Vitamin D hydroxylation-deficient type 1A (VDDR1A) is a rare autosomal recessive disorder caused by mutations in the CYP27B1 gene, resulting in 1α-hydroxylase enzyme deficiency. Two forms of vitamin D exist: ergocalciferol (vitamin D2) and cholecalciferol (vitamin D3). Both forms of vitamin D need two-step hydroxylation to become biologically active. The first step occurs in the liver where vitamin D is hydroxylated to 25-hydroxyvitamin D 25(OH)D by several hepatic enzymes having 25-hydroxylase activity, and CYP2R1 is the major enzyme. The second step of hydroxylation occurs mainly in the kidney, where 25(OH)D is hydroxylated by the mitochondrial 25-OHvitamin D-1α-hydroxylase to the biologically active hormone 1,25-(OH)2D. The 1,25-(OH)2D plays a central role in calcium homeostasis, bone metabolism, and on cell proliferation and differentiation of a variety of tissues. Alteration of vitamin D metabolism causes defects in the growth plate and bone demineralisation, resulting rickets in children and osteomalacia in adults. Clinical manifestations of VDDR1A include: hypotonia, short stature, muscle weakness, hypocalcaemic seizures in early infancy and rickets. Until now, over 60 mutations have been described in different ethnic groups. Certain mutations are more frequent in certain ethnic groups. Radiographic findings include: widening of the distal physis, fraying and widening of the metaphysis, and angular deformities of the arm and leg bones.

Treatment: Consists of administration of large doses of vitamin D and calcitriol. The potential complications of therapy are: nephrocalcinosis, hypercalciuria, and hypercalcemia. Therefore, regular checks monitoring of physical and biochemical examination, and renal ultrasound are required.

Vitamin D Hydroxylation-Deficient Type 1B (VDDR1B)

Vitamin D hydroxylation-deficient type 1B (VDDR1B) is due to a defect in vitamin D 25-hydroxylation, and is caused by mutation in the CYP2R1 gene. The synthesis of bioactive vitamin D requires hydroxylation at the 1 α and 25 positions by cytochrome P450 enzymes in the kidney and liver, respectively. The mitochondrial enzyme CYP27B1 catalyzes 1 α-hydroxylation in the kidney, and the CYP2R1 is the major enzyme for hydroxylation of vitamin D to 25-hydroxyvitamin D. See also VDDR1A.

Vitamin D-Dependent Type 2A (VDDR2A)

Vitamin D-dependent type 2A (VDDR2A) is an autosomal recessive disorder caused by mutation in the gene encoding the vitamin D receptor (VDR). Signalling via this receptor regulates gene expression in 1,25 OHvitamin D3-responsive cells. It is characterised by hypocalcemia, due to reduced intestinal absorption of calcium, with secondary hyperparathyroidism and hypophosphataemia. Hypocalcemia and hypophosphataemia impair normal bone mineralisation leading to childhood rickets. Other clinical manifestations include muscle weakness and convulsions caused by hypocalcaemia, and in many cases alopecia.

Vitamin D-Dependent Type 2B (VDDR2B)

Vitamin D-dependent type 2B (VDDR2B) is an unusual form of Vitamin D-dependent rickets due to abnormal expression of a hormone response element binding protein that interferes with the normal function of the VDR, without mutations in the VDR coding region.
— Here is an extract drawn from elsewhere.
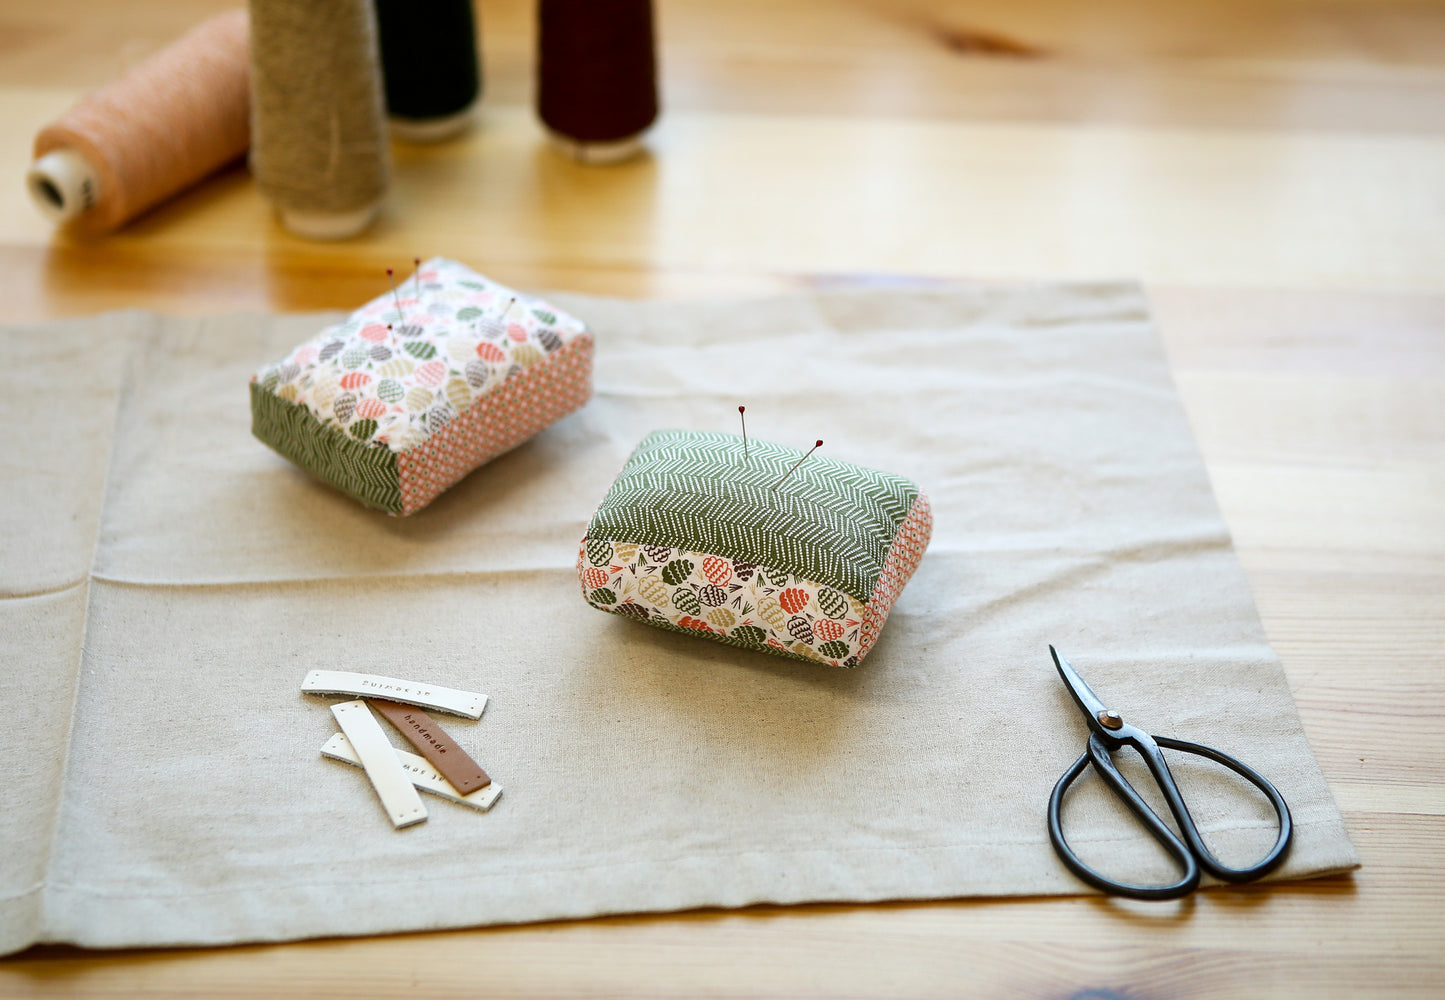 Quarter Fabric Pack - Cotton, Dailylike "Pine" - KEY Handmade
 - 6

Hormone resistance resultes from constitutive overexpression of heterogeneous nuclear ribonucleoprotein (hnRNP) that competed with a normally functioning VDR-retinoid X receptor (RXR) dimer for binding to the vitamin D response element (VDRE).

Tumour-induced Osteomalacia (TIO)

Tumour-induced Osteomalacia (TIO) is an ultra rare disease caused by typically benign, slow-growing tumors that produce excess levels of FGF23, which is involved in phosphate reabsorption. Patients with TIO can experience symptoms including severe hypophosphataemia (low levels of phosphate in the blood), osteomalacia (softening of the bones), muscle weakness, fatigue, bone pain and fractures. There are an estimated 500 to 1,000 people in the United States with TIO, and approximately half of all cases are believed to be inoperable. The tumours can arise in bone or soft tissue, occur from head to toe, and are typically very small in size, locating these tumors is often quite challenging. In patients for whom the tumour or lesion is inoperable, the current treatment consists of oral phosphate and/or active vitamin D replacement. Efficacy of this management is often limited, and its benefits must be balanced with monitoring for potential risks.